IMAGE: BURNED OUT FOREST, DEAD GOATS
Yiorgos Karahalis  /  Reuters
Fires across southern Greece left many areas barren. This view Wednesday shows dead goats in a burned out forest near the town of Minthi.
updated 8/29/2007 11:02:54 AM ET 2007-08-29T15:02:54

In six hot, windy days of uncontrolled blazes, Greece lost more of its rapidly dwindling forestland than in any single year on record.

The massive fires, several still raging Wednesday, have killed at least 64 people and gutted hundreds of homes in scores of southern villages.

The inferno also destroyed fragile mountain ecosystems — that will require decades to revive — and an entire rural way of life, threatening to turn thousands of villagers into environmental refugees.

The fire department has not announced an overall damage assessment, but independent estimates say around 495,000 acres of forest, olive groves and scrub may have been consumed — the largest amount since official records started in the 1950s.

"These fires are worse than in any previous year," said Gavriil Xanthopoulos, a researcher at Greece's National Agricultural Research Foundation. "We exceeded the last record set in 2000," about 360,000 acres.

Up to 455,000 acres were laid waste between Friday and Monday alone — 10 times the annual average for the past 50 years, according to the European Commission's European Forest Fire Information System. A total 665,000 acres — an area almost the size of Rhode Island — went up in smoke since the start of the year.

Some say it was the worst catastrophe since a Turkish army ravaged the Peloponnese in 1825, during the Greek War of Independence from the Ottoman Empire.

Video: Fires write a Greek tragedy Arson has been widely blamed, and 11 people charged with deliberately setting fires. Arson suspects are rarely convicted.

Where cases are proven, the motives are typically profit, revenge against neighbors, and shepherds trying to clear grazing pastures.

Greece's branch of Greenpeace estimated up to 618,000 acres were destroyed this year, mainly in the summer months when temperatures repeatedly surged well over 104 degrees Fahrenheit.

"Nobody can provide an accurate figure right now, and several fires are still burning ... It's a record year," said director Nikos Haralambidis.

About 20 percent of Greece is covered by forest, and the figure has been constantly dropping in recent decades.

Wildlife jewels scarred
Haralambidis said the massive fires ravaged fragile ecosystems in the Peloponnese peninsula and caused ecological damage in the mountains, now facing the threat of floods and landslides in inhabited areas.

IMAGE: SATELLITE VIEW OF SMOKE FROM FIRES
European Space Agency via AP
This satellite image shows haze from the fires burning in Greece on Monday.
"Mount Taygetos in the southern Peloponnese, particularly as far as plant life is concerned, is Greece's diamond where many species grow that do not exist anywhere else in the world," he said.

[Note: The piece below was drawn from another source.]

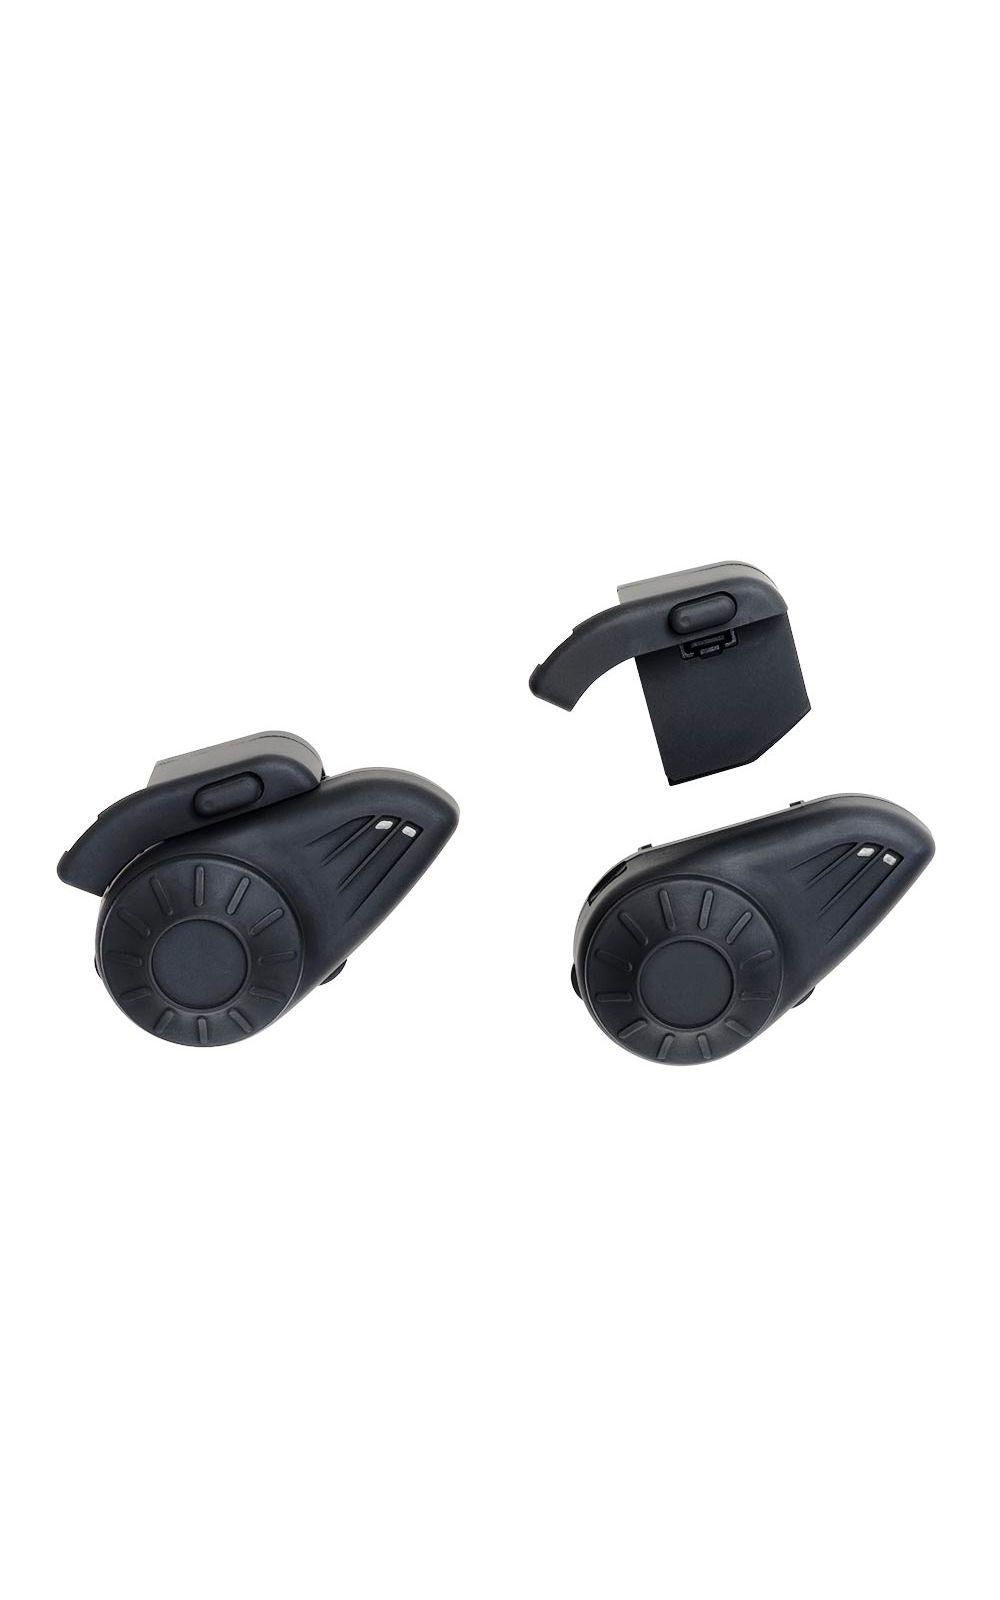 Foto 1 - Par de Intercomunicador para Capacete com Bluetooth Alcance até 10m para Musica e Ligação Preto Multilaser - MT605

"Mount Parnon (to the east) is — or rather was — a paradise, while the Kaiafas forest was one of the last remaining vestiges of a huge forest of stone pines that once covered all of the western Peloponnese."

Haralambidis said these forests will take decades to revive naturally, "provided we leave them alone."

Outside the forests, in low-lying land and plateaus, entire ecosystems — birds, reptiles and small mammals — in burnt fields and olive groves have vanished altogether.

"Those that could escape elsewhere may have managed to do so, but very many didn't," Haralambidis said.

'Environmental refugees' possible
The six-day inferno also caused "an irreparable social and economic catastrophe" in the small, farming-dependent villages of the Peloponnesian mountains, according to forestry expert Nikos Bokaris.

"These people lost their farmland, their flocks and in many cases their households," Bokaris said.

Greenpeace's Haralambidis warned that mountain populations could end up as internally displaced "environmental refugees."

"There will be several thousand people faced with the choice of staying in a burnt land or moving to the cities," he said.

"And if they are to stay, the conditions must be created to ensure them a decent livelihood. Their main source of income was olive oil production ... and new olive saplings need at least 15 years before they can yield a proper crop."